= Ecological art =

Genre of art engaging ecological systems

Ecological art, or ecoart, is an art genre and artistic practice that seeks to preserve, remediate and/or vitalize the life forms, resources and ecology of Earth. Ecological art practitioners do this by applying the principles of ecosystems to living species and their habitats throughout the lithosphere, atmosphere, biosphere, and hydrosphere, including wilderness, rural, suburban and urban locations. Ecological art is a distinct genre from environmental art in that it involves functional ecological systems-restoration, as well as socially engaged, activist, community-based interventions. Ecological art also addresses politics, culture, economics, ethics and aesthetics as they impact the conditions of ecosystems. Ecological art practitioners include artists, scientists, philosophers and activists who often collaborate on restoration, remediation and public awareness projects.

==Historical precedents==
Art historical precedents include environmental art, earthworks, land art, sustainable art, landscape painting, intervention art and landscape photography. While historical examples may reach back to Neolithic times, according to the history published in the book, Ecovention: current art to transform ecologies, a short list of key works include Herbert Bayer's Grass Mound (1955) at the Aspen Art Institute, Aspen, CO; Joseph Beuys 1962 proposed action to clean up the Elbe River in Hamburg, German; Hans Haacke's 1965 manifesto for time-based, "natural", dynamic indeterminate art; Nicolas Uriburu's 1968 performance "Green Power, coloration Grand Canal – Venice" and Agnes Denes's 1968 performance, Haiku Poetry Burial, Rice Planting and Tree Chaining/Exercises in Eco-Logic, in Sullivan County, New York.

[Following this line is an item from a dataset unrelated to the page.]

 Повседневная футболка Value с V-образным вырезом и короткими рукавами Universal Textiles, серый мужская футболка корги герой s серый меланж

1969 was a watershed year for ecological art practices. Landmark accomplishments include Haacke's Grass Grows in Ithaca, NY; Alan Sonfist's activities articulating the significance of native forests in urban areas; and his action to monitor air quality in New York City. Betty Beaumont documented the clean-up of what was the worst U.S. ocean oil spill off the coast of Santa Barbara, California, while Mierle Laderman Ukeles wrote Manifesto for Maintenance Art (Spaid) In 1969, the John Gibson Gallery in New York city mounted the exhibition, Ecologic Art, that included the work of Will Insley, Claes Oldenburg, Christo, Peter Hutchinson, Dennis Oppenheim, Robert Morris, Robert Smithson, Carl Andre, Jan Dibbets, and Richard Long.

In 1969–1970, Helen Mayer Harrison and Newton Harrison collaborated on mapping endangered species around the world. From 1972 to 1979, Helen and Newton Harrison realize seven projects designed for and about lagoons in California.

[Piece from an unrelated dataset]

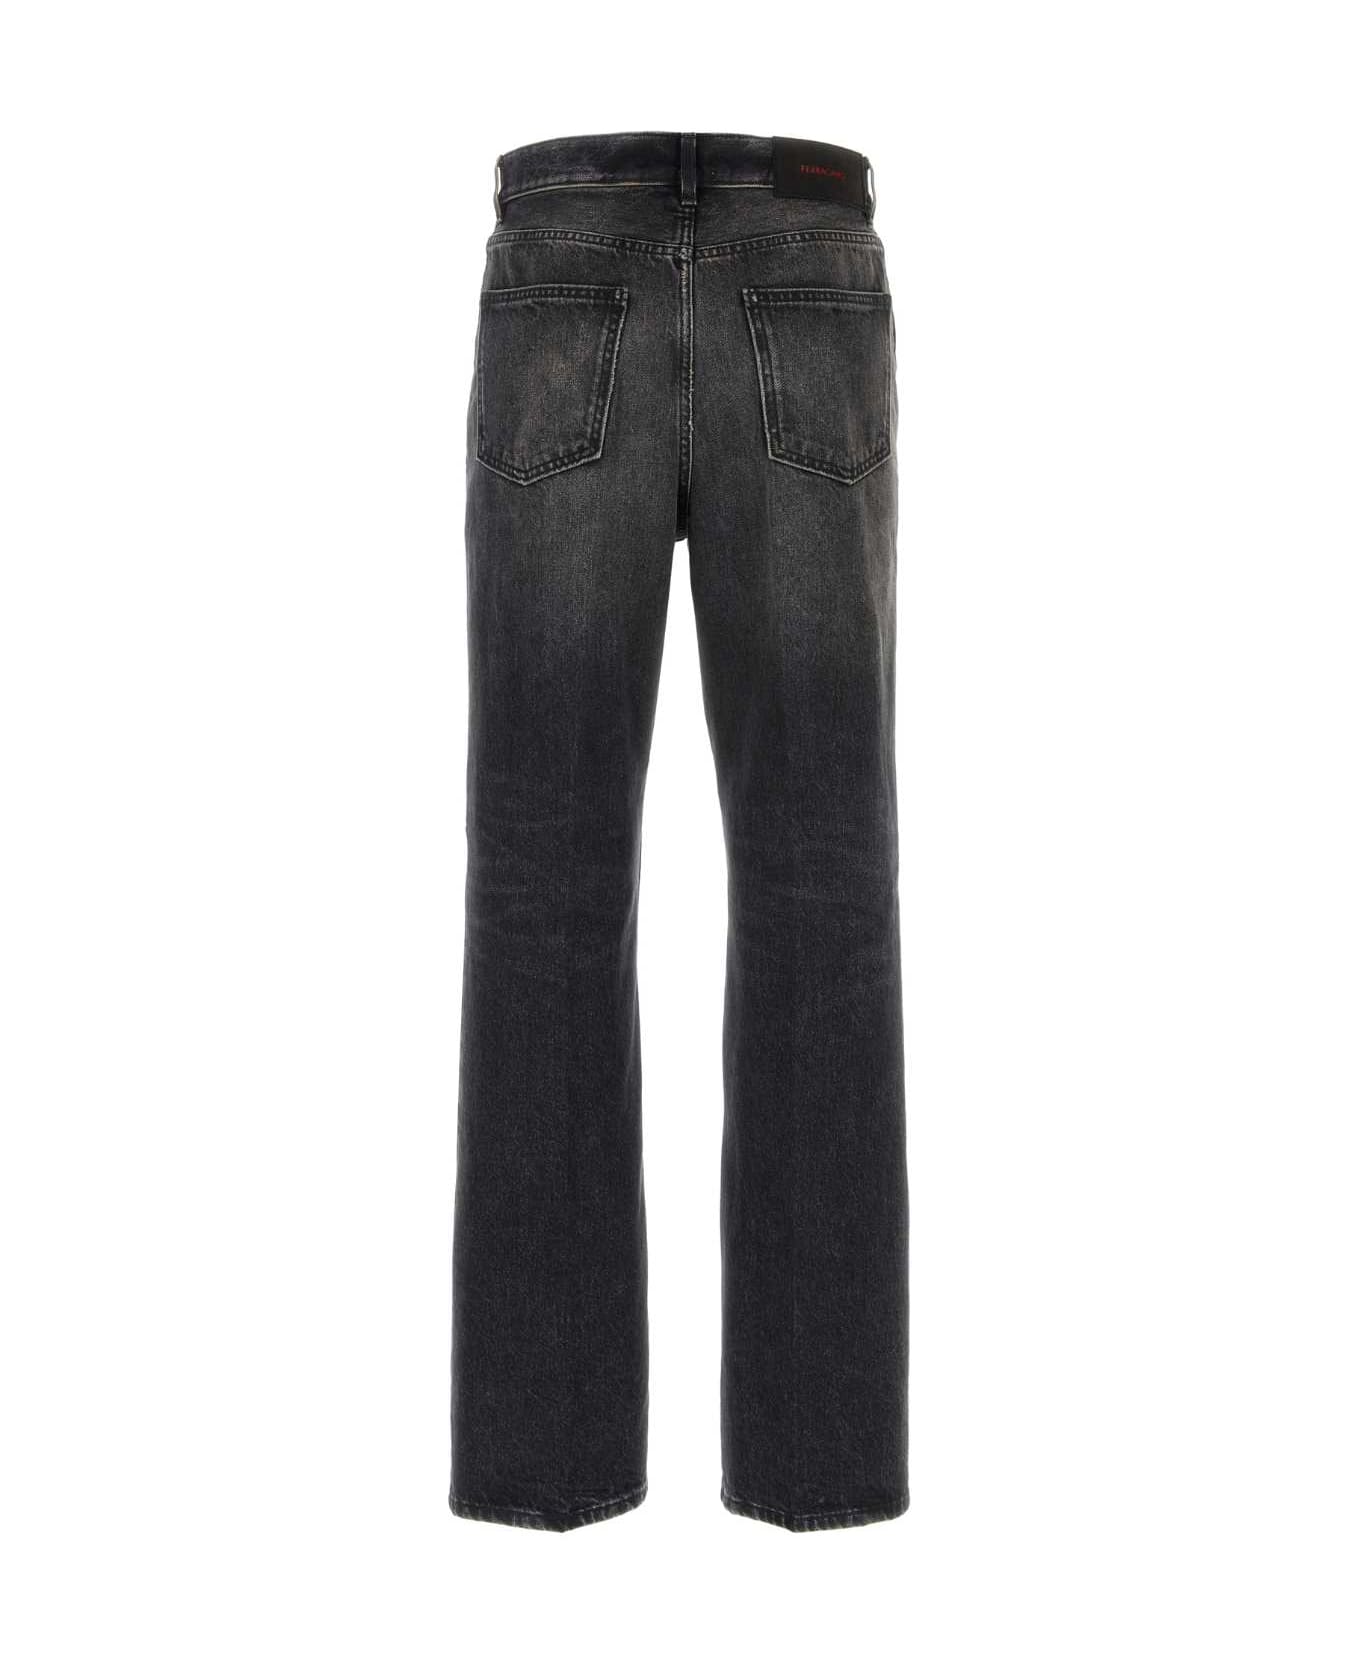 Ferragamo Black Denim Jeans - NERO

In 1971, artist Bonnie Sherk performs Public Lunch with the Animals in the Lion House of the San Francisco Zoo. She went on to found The Farm (also known as Crossroads Community in 1974 in San Francisco. The project involved growing edible crops as environmental sculpture; livestock were also raised there and it also served as a performance art venue and community education center. In 1978, in New Zealand, the Vacant Lot of Cabbages was planted in the CBD of the capital city Wellington and was cited as an early Anthropocene work of art.

The 1972 essay, Art and Ecological Consciousness by György Kepes in his book, Arts of the Environment. presents the genre as distinct from environmental art. In the 1992 exhibition and book, Fragile Ecologies: Contemporary Artists' Interpretations and Solutions, art historian, Dr. Barbara Matilsky differentiates ecological art from environmental art in that the former has ethical underpinnings. In 1993, a workshop and exhibition, specifically about ecological systems and art, was presented by Don Krug, Renee Miller and Barbara Westfall at the Society for Ecological Restoration in Irvine, California. The term ecovention, was coined in 1999 as a conjunction of the words ecology and intervention, in conjunction with an exhibition of the same name curated by Amy Lipton and Sue Spaid, representing artist's projects that use inventive strategies to physically transform a local ecology. In a 2006 UNESCO research report for the Art in Ecology think tank on arts and sustainability, "Mapping the Terrain of Contemporary EcoArt Practice and Collaboration", the artist Beth Carruthers uses the term Ecoart.

A current definition of ecological art drafted collectively by the EcoArt Network of international artists, founded in 1998, is "an art practice that embraces an ethic of social justice in both its content and form/materials. EcoArt is created to inspire caring and respect, stimulate dialogue, and encourage the long-term flourishing of the social and natural environments in which we live. It commonly manifests as socially engaged, activist, community-based restorative or art intervention."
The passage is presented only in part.